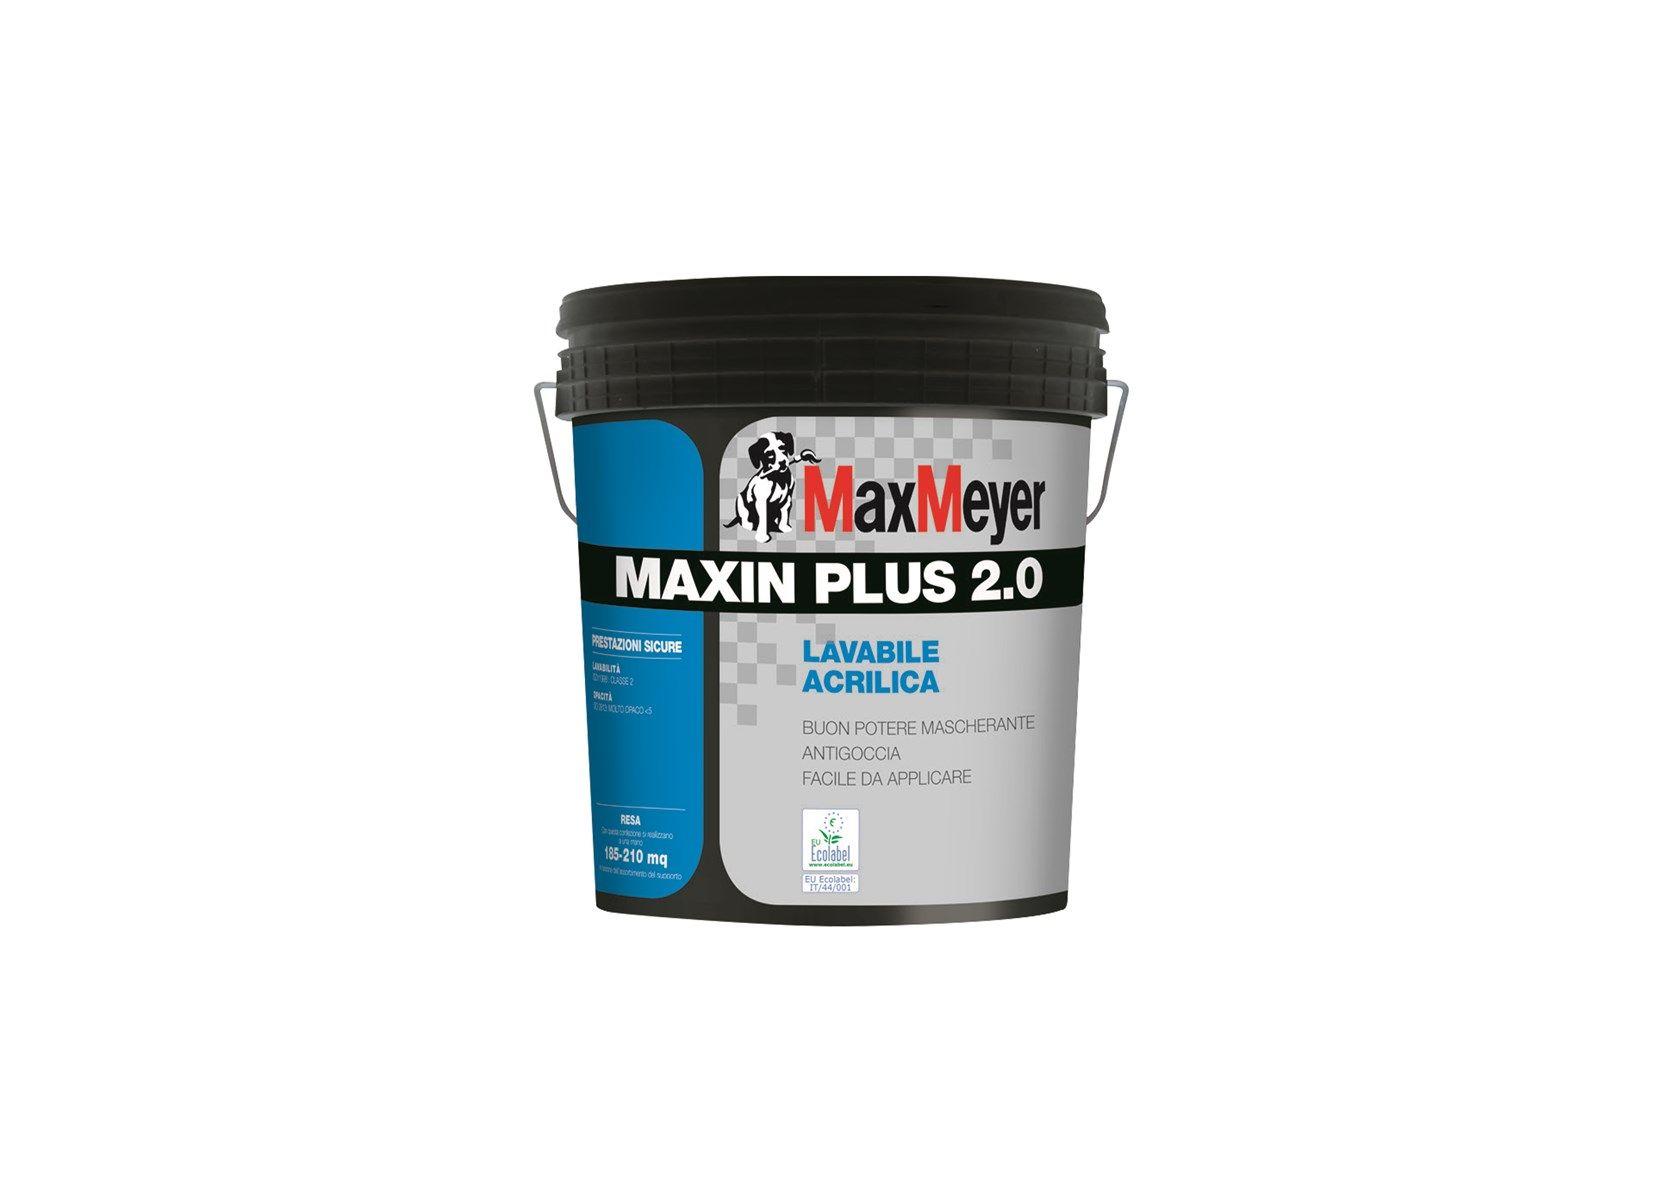 MaxMeyer presenta Maxin Plus e Maxin Plus 2.0
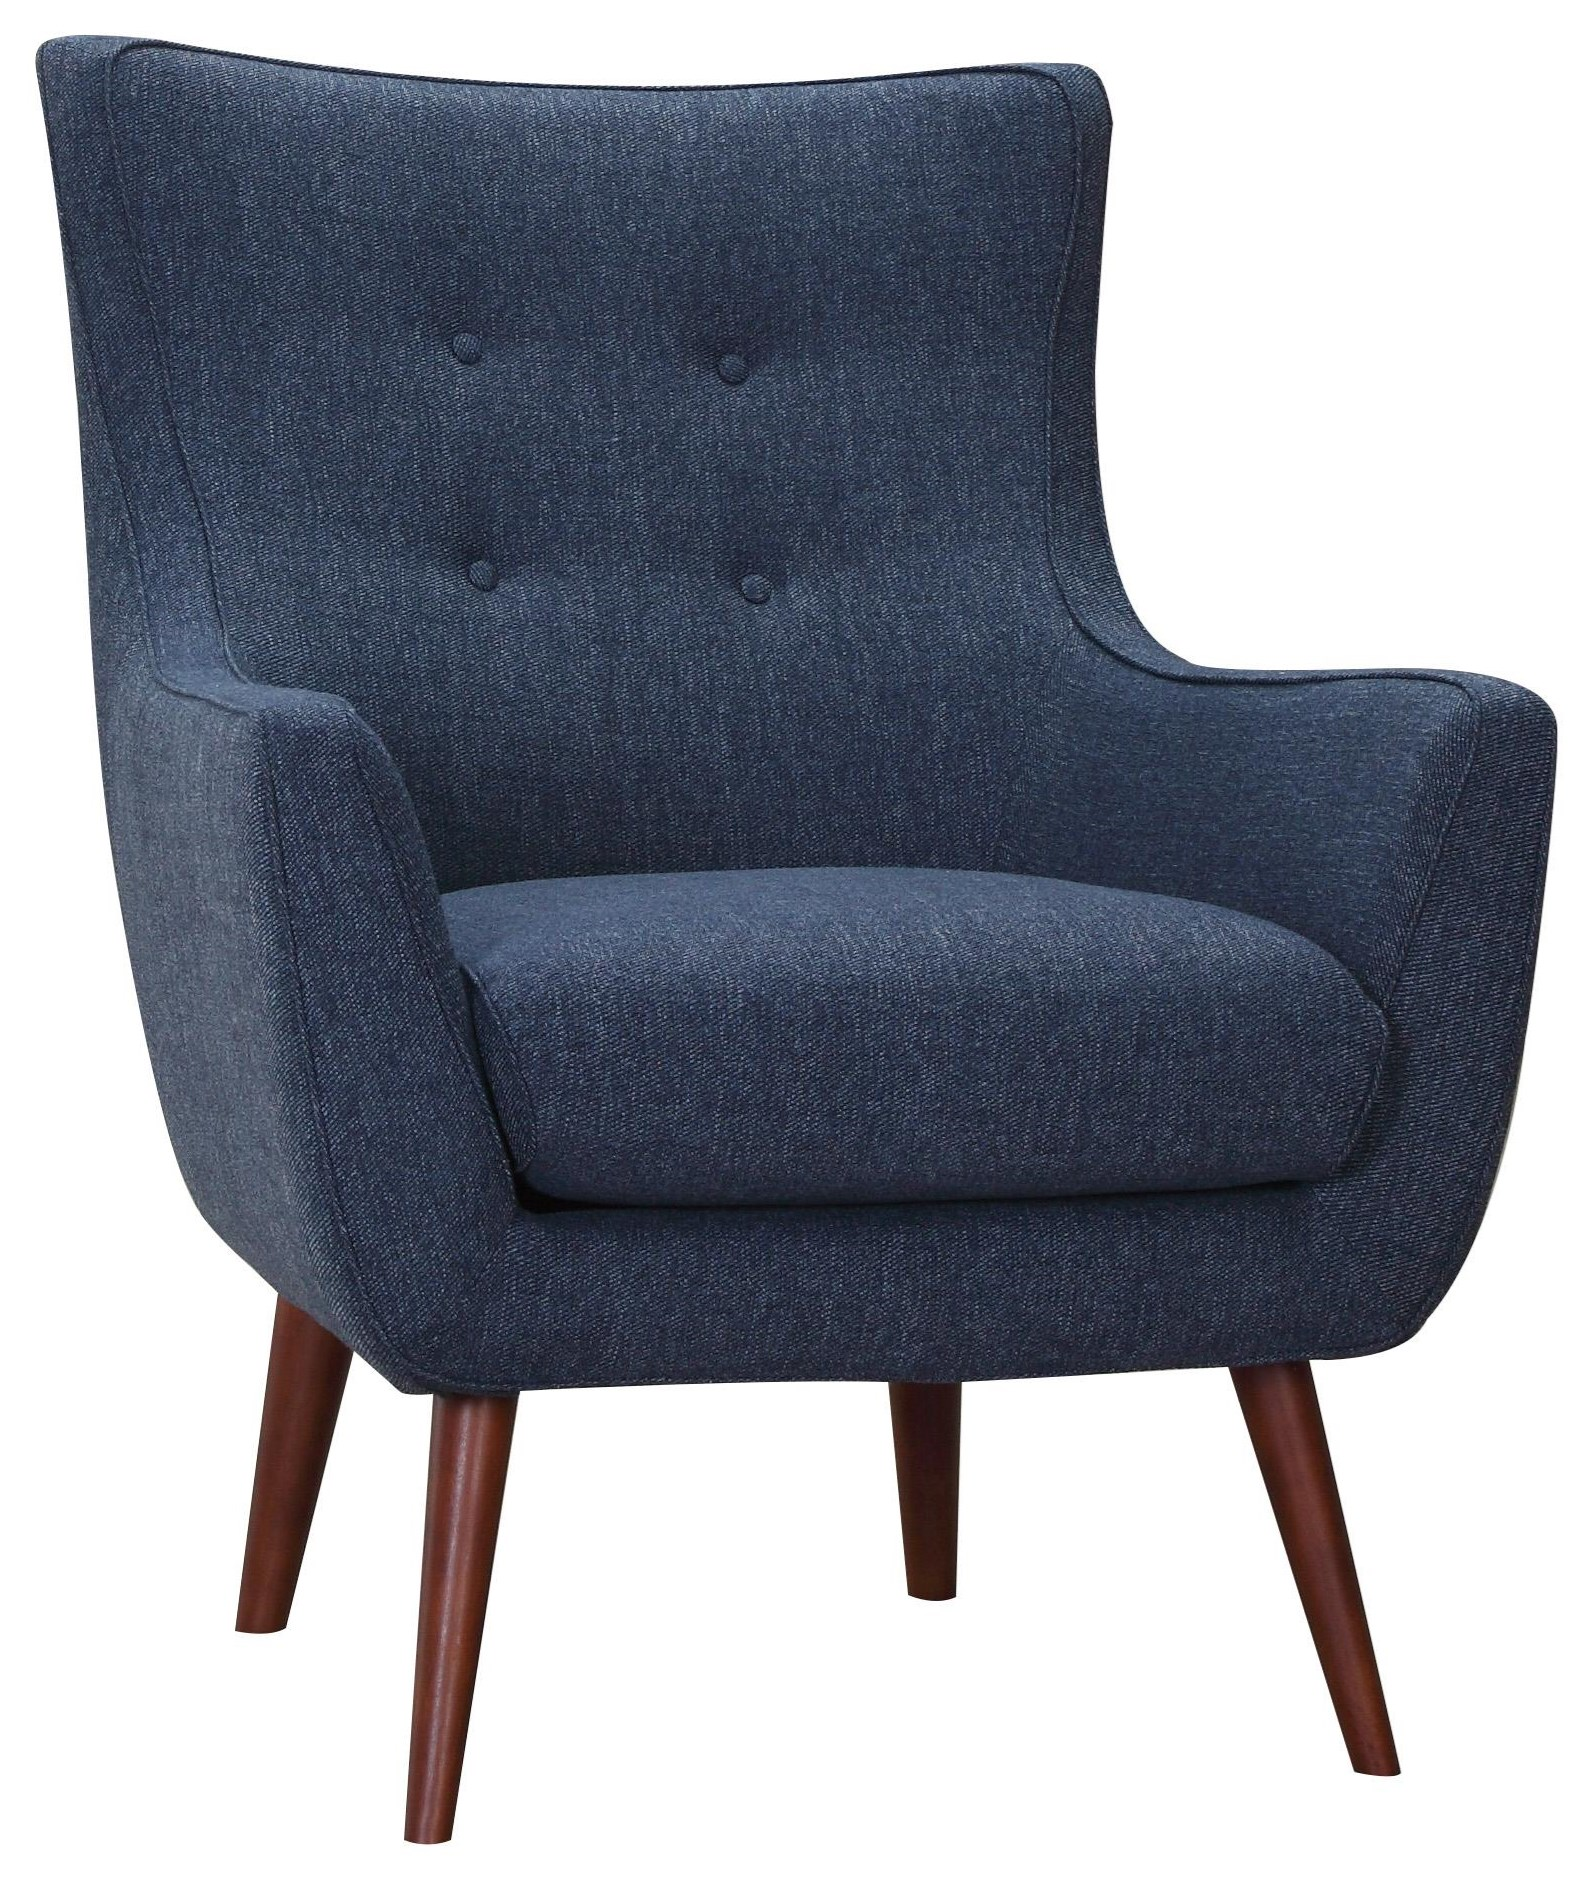 Kato Kato Chair by Urban Chic at Stoney Creek Furniture
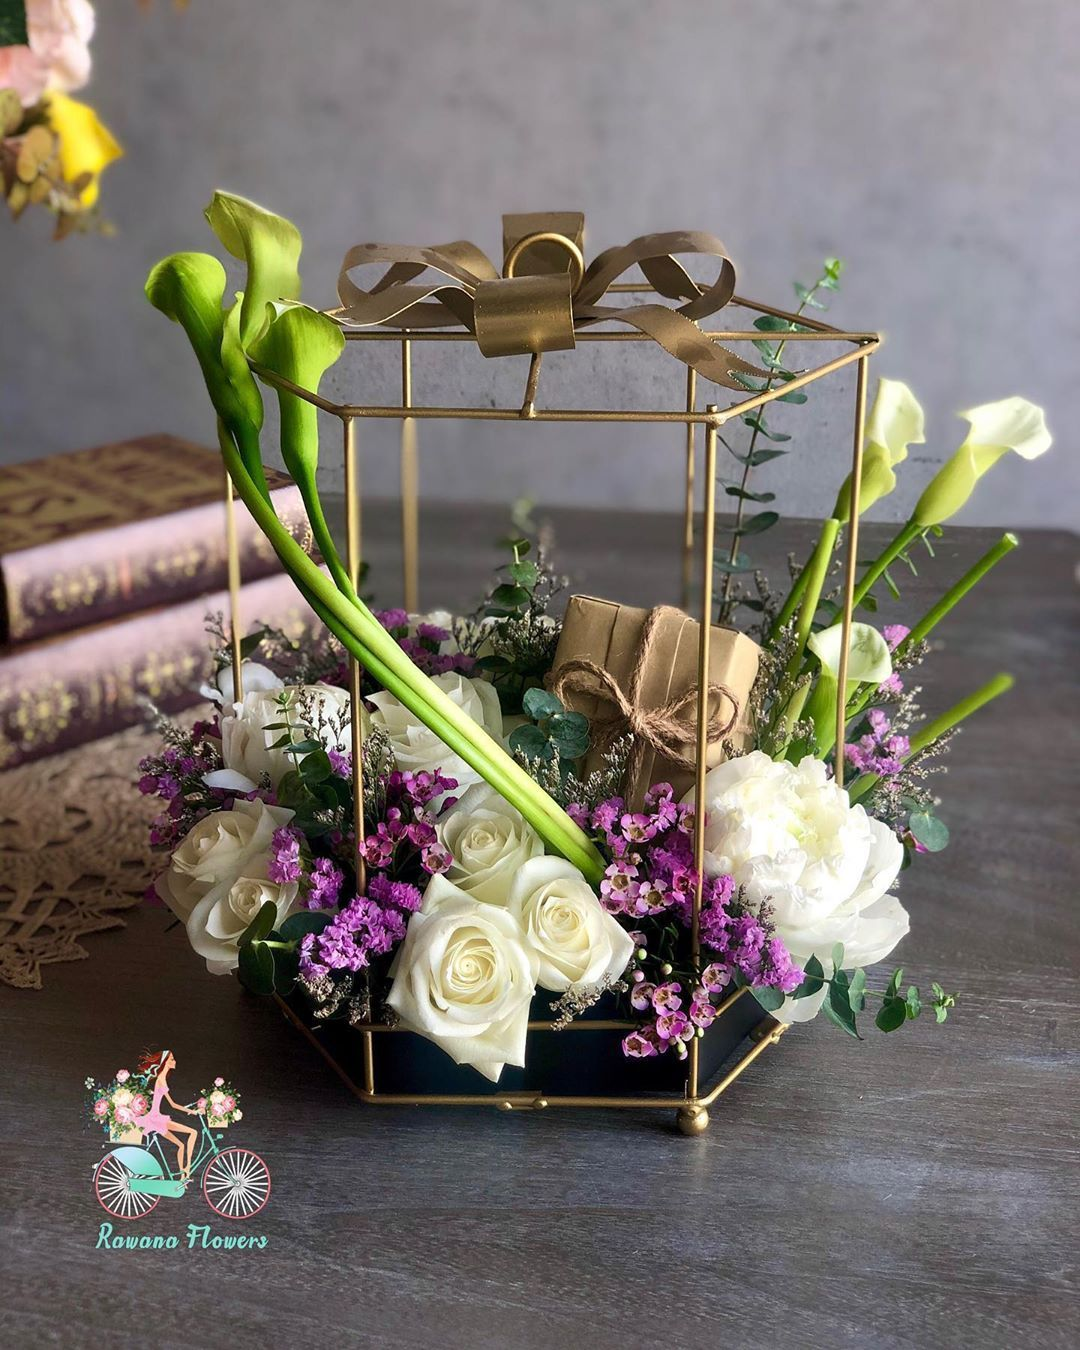 R A W A N A F L O W E R S On Instagram تغليف هدية Rak Rakuae Rasalkhaimah Rasalkhaima راس الخيمة رأس الخي Floral Wreath Gifts Floral

**What is required:**
What you return must match the material above exactly, apart from its pictures.

**Output of the task:**
 MaxMeyer presenta Maxin Plus e Maxin Plus 2.0
 Kato Kato Chair by Urban Chic at Stoney Creek Furniture
 R A W A N A F L O W E R S On Instagram تغليف هدية Rak Rakuae Rasalkhaimah Rasalkhaima راس الخيمة رأس الخي Floral Wreath Gifts Floral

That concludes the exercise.